By Lindsey Davis
Boston, MA – Line and color cut across the canvas chaotically, separated into thick blocks that wave and reverberate inside each rectangular world. Full of whimsical shapes and abstraction, these oil on linen paintings are the most recent work of Barbara Grad, currently on view in her solo exhibition, “Lost Horizons,” at the Howard Yezerski Gallery at 460 Harrison Ave. in Boston.
Some works are busier than others, filling every inch with intersecting lines, but all are complex and deep with layers of design that makes it seem possible to look past what’s right in front of you to something else, something more concrete. “Smarter View” shows disjointed segments of the same patterns floating above empty space, pieces of different puzzles shuffled against an ever-abstract background that fades to sketching, and finally to empty faded linen in the bottom-left corner.
All of the compositions allow for endless interpretations, but some do suggest a more defined shape. “High Voltage Subversion” shows a landscape — wires above layers of earth that melt into oranges and browns. A giant underwear-shaped object floats not far above the ground in “WY026,” a blue rectangle extending from the bottom corners to form the appearance of a floor.

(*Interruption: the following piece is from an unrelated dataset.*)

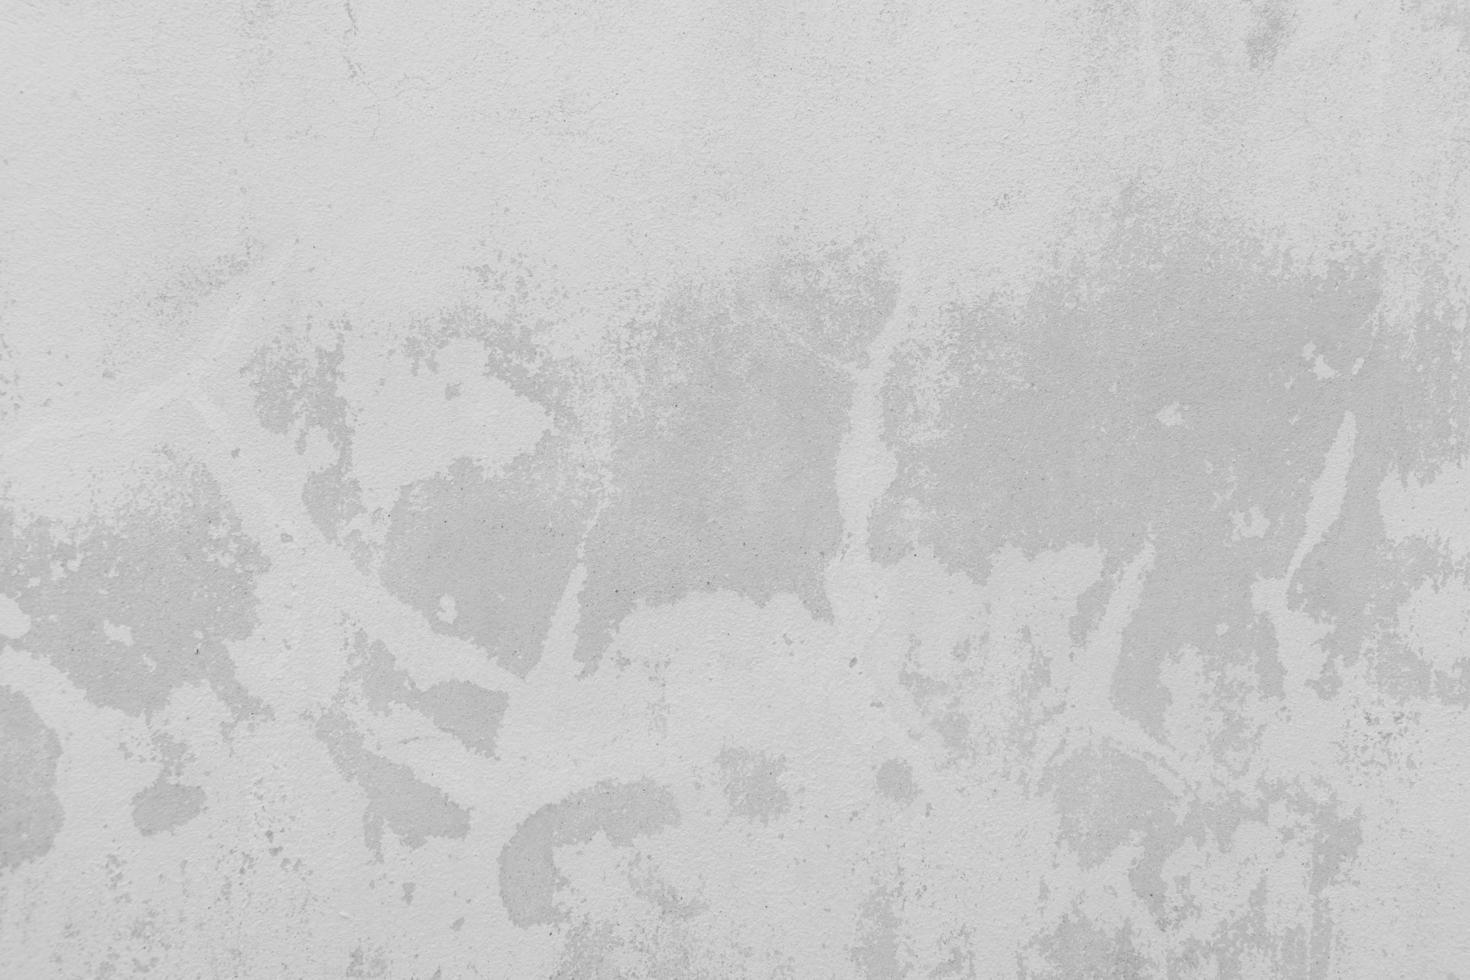 vit betong konsistens foto
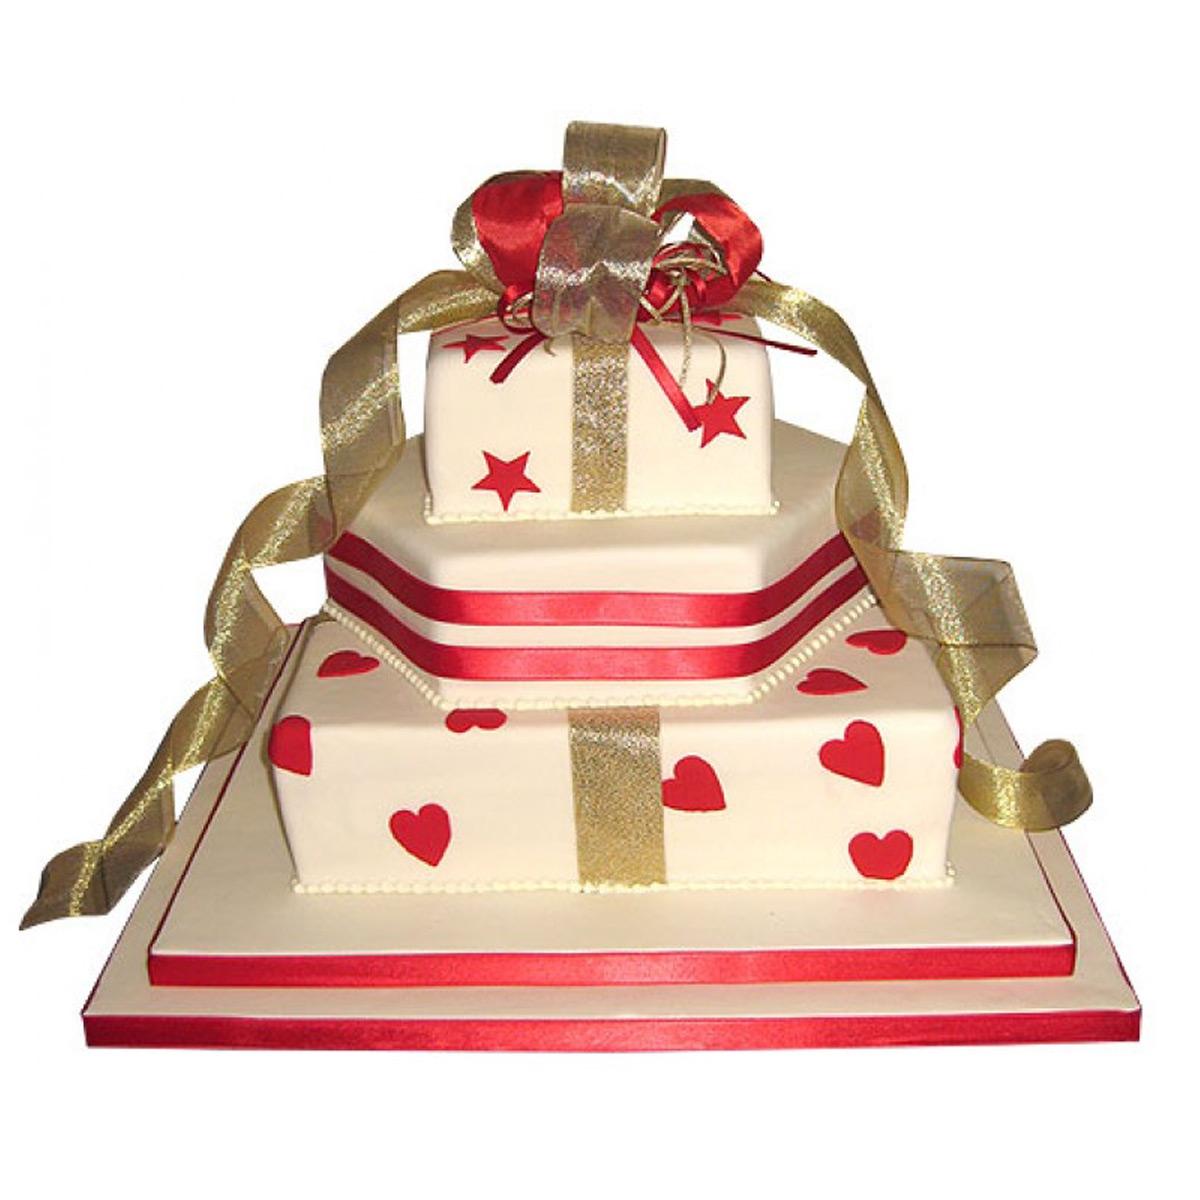 Parcels Wedding Cake

“Grad sees herself as a part of a movement of artists rejecting image and instead accessing space through paint and color,” explains the gallery’s artist statement for the exhibition, “She thinks about David Park’s sense of light traveling through the paint, applying those lessons to her treatment of space and color.“
Seen altogether, Grad’s work creates a vortex of line, shape and color that exists far outside reality. Each painting serves as a window to a world of patterns in motion, repeating organic shapes of carefully chosen color palettes.